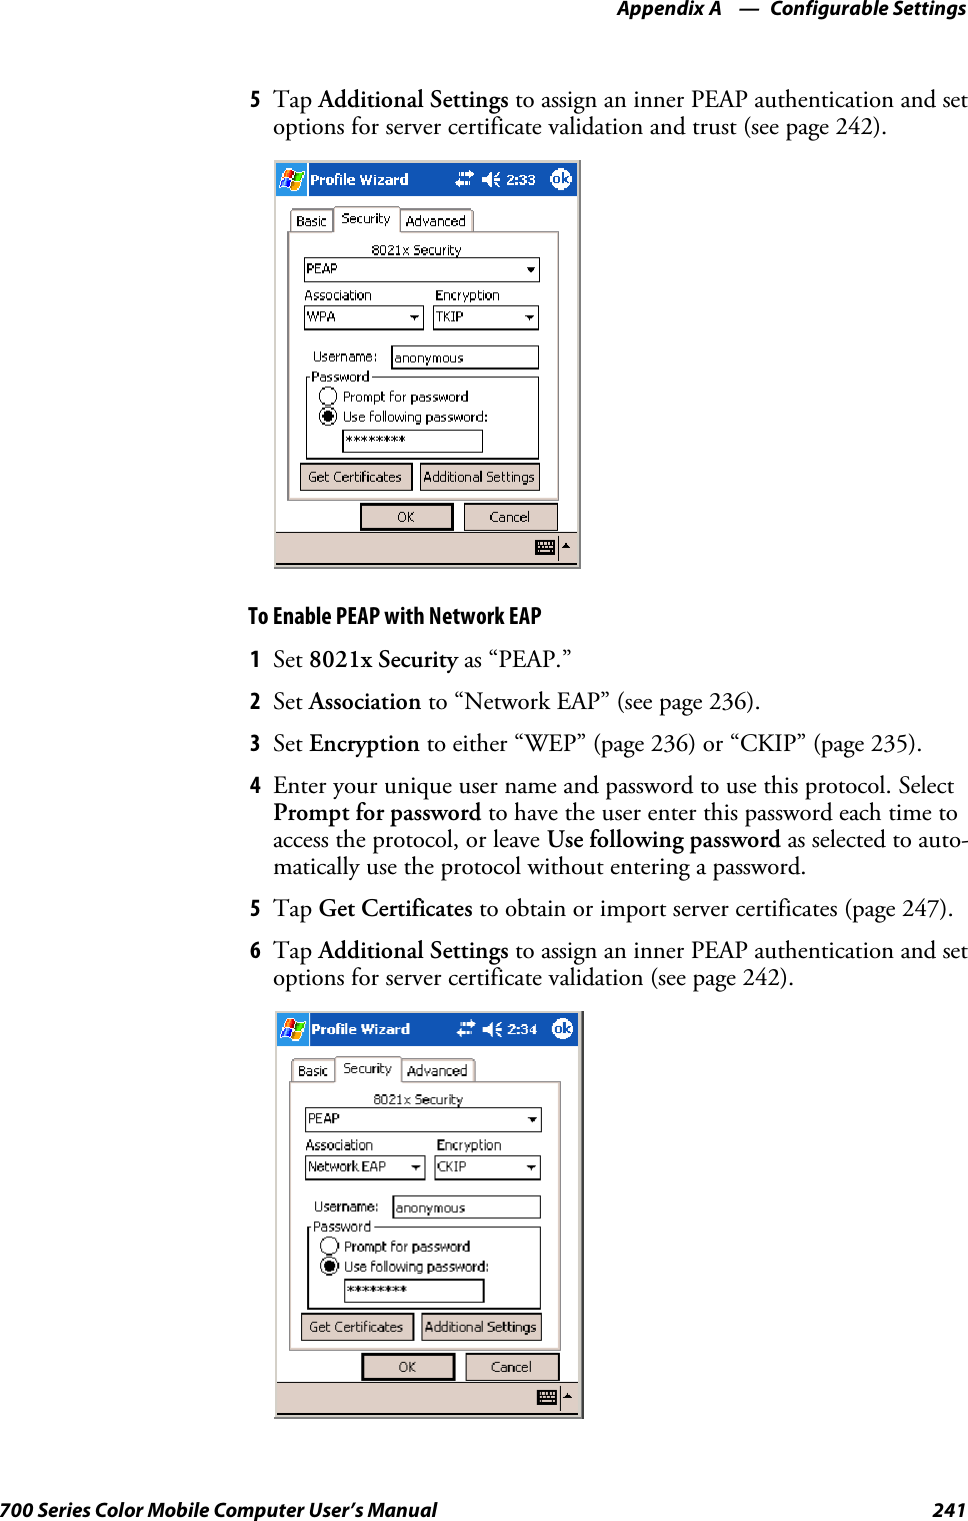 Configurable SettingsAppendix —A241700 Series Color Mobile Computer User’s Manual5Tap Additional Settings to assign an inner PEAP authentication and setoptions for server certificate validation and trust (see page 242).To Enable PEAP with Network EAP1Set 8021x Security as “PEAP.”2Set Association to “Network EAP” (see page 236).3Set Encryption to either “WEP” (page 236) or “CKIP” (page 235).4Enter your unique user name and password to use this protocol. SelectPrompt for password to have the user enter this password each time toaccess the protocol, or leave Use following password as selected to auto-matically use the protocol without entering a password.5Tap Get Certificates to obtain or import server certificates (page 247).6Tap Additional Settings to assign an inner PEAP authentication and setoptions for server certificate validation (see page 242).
============================================================
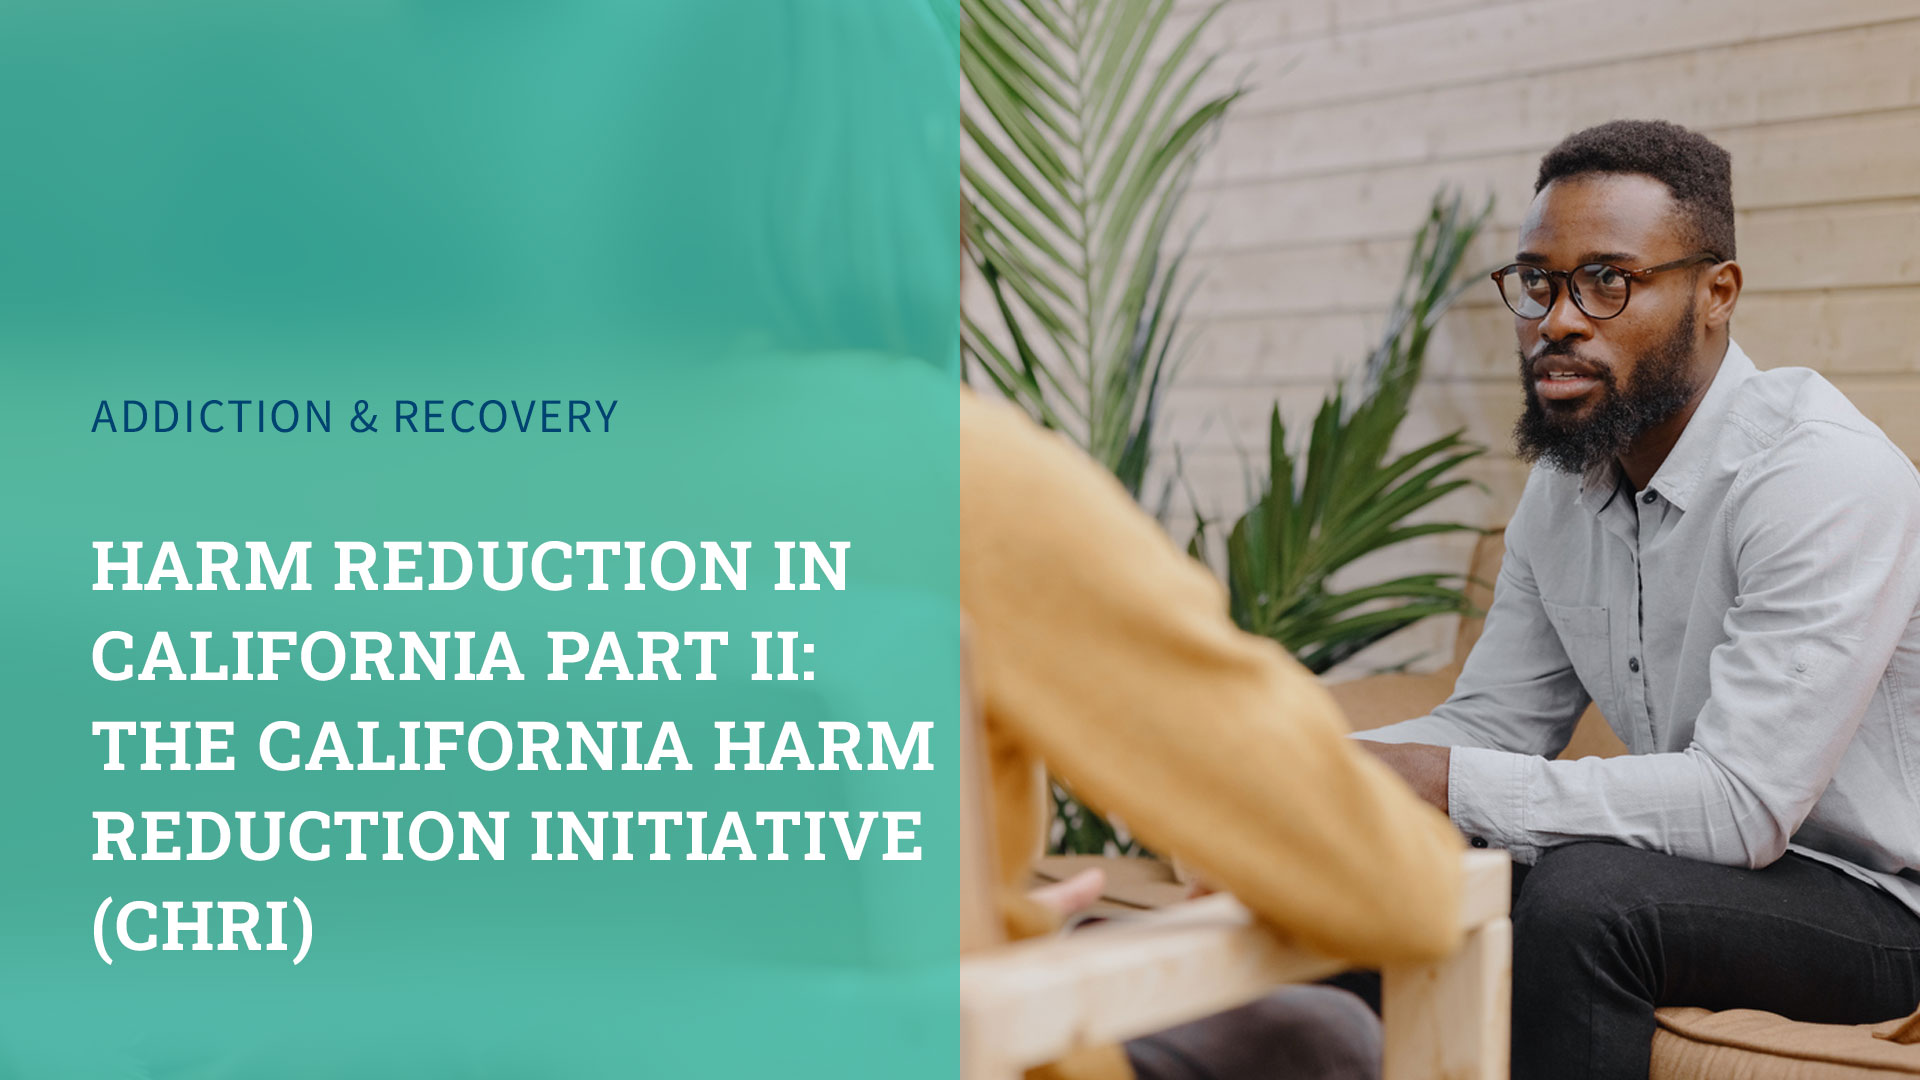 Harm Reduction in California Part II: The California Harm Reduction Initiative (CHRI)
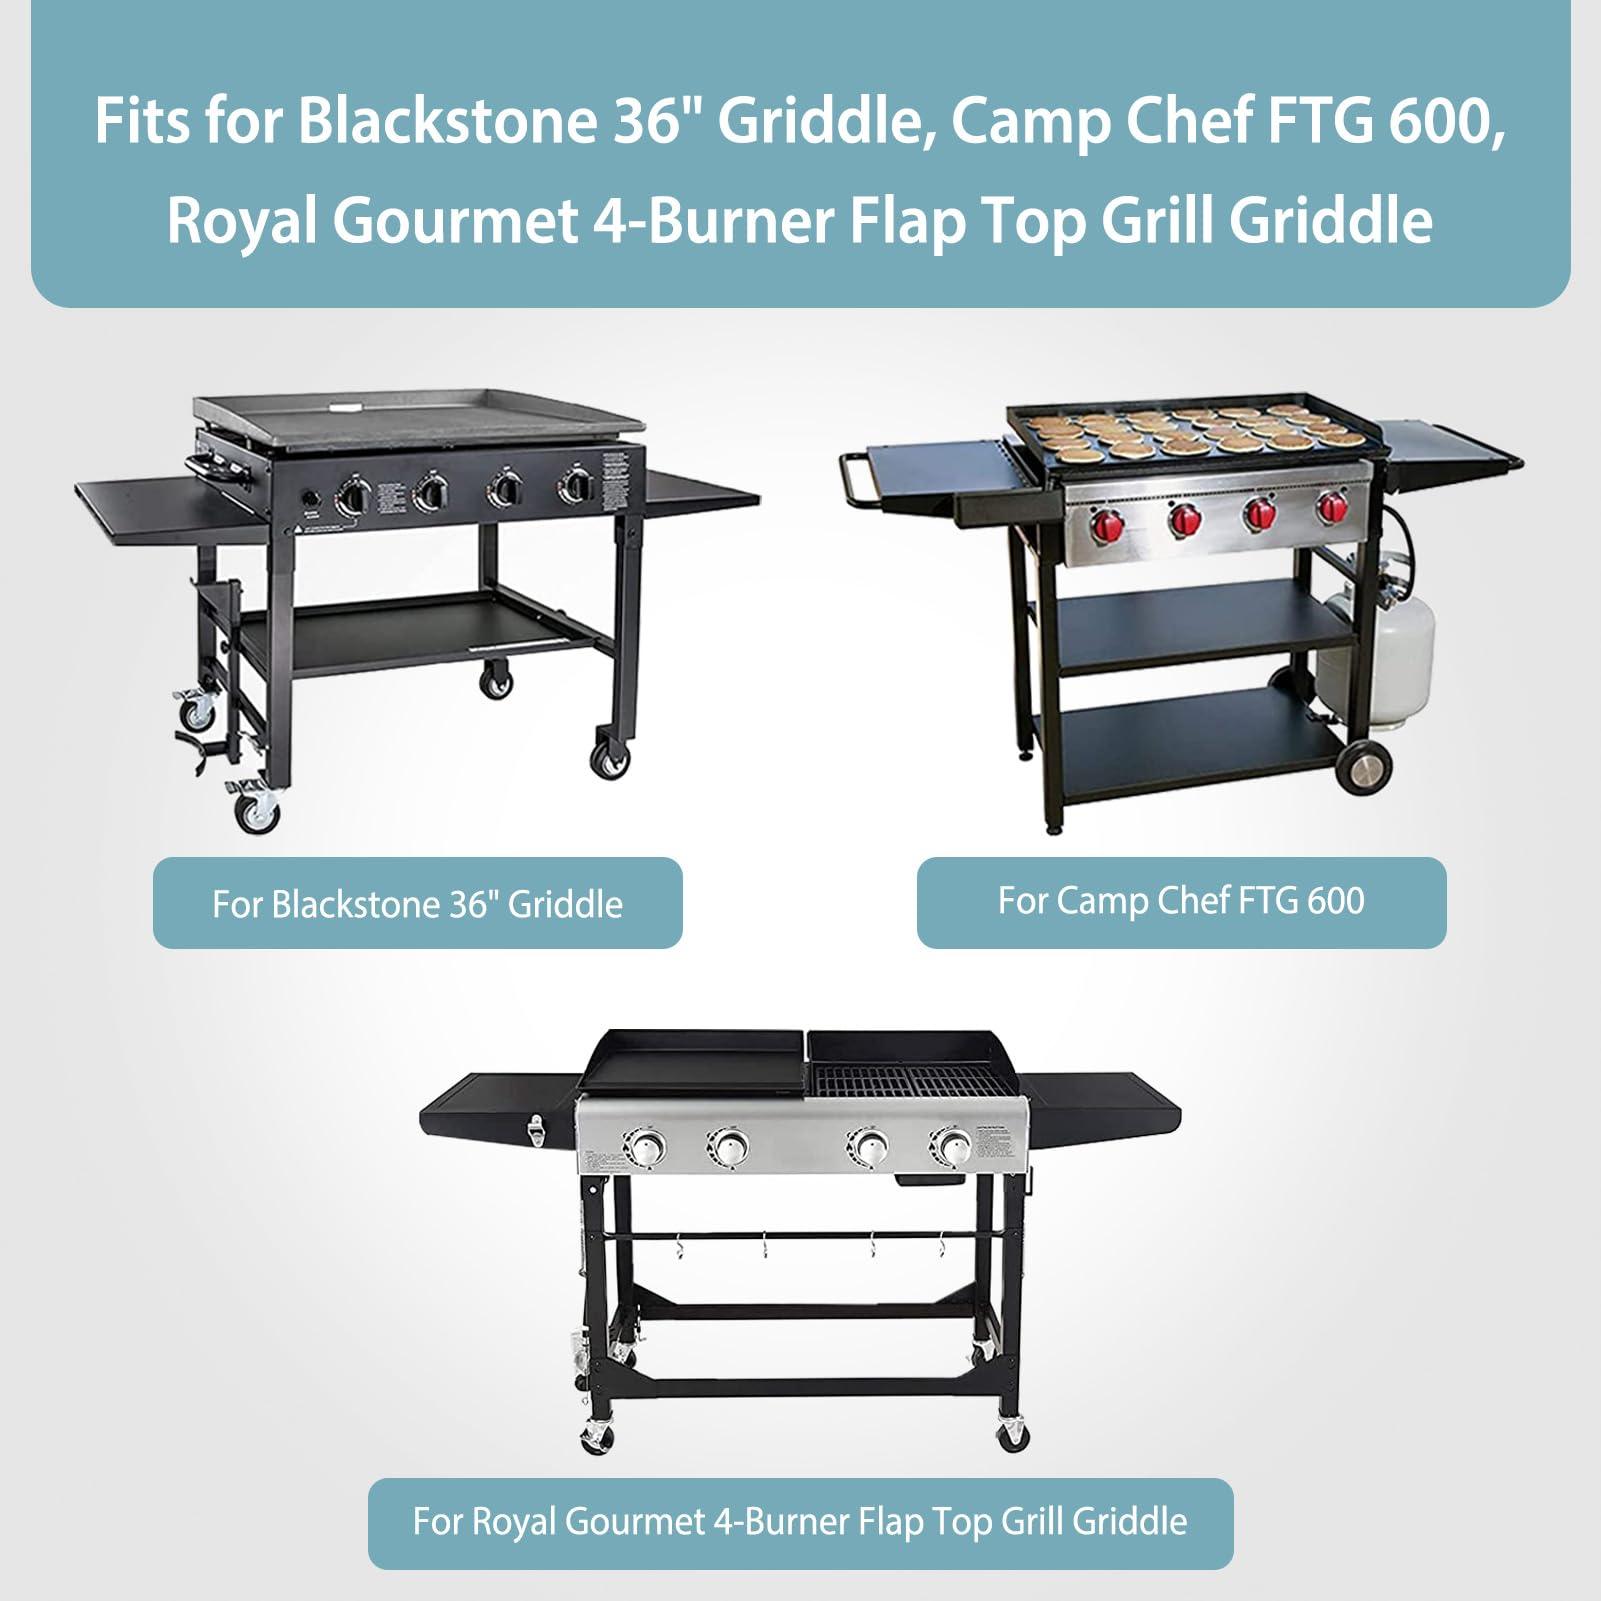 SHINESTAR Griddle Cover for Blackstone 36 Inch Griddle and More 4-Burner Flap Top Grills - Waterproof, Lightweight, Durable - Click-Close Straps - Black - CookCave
============================================================
▸ TASK GOAL
Of the lines above, copy only those from the one holding "Harm Reduction in California" to the one holding "SHINESTAR Griddle Cover", both included, and exclude every image.

▸ ANSWER TO THE EXERCISE
 Harm Reduction in California Part II: The California Harm Reduction Initiative (CHRI)
 SHINESTAR Griddle Cover for Blackstone 36 Inch Griddle and More 4-Burner Flap Top Grills - Waterproof, Lightweight, Durable - Click-Close Straps - Black - CookCave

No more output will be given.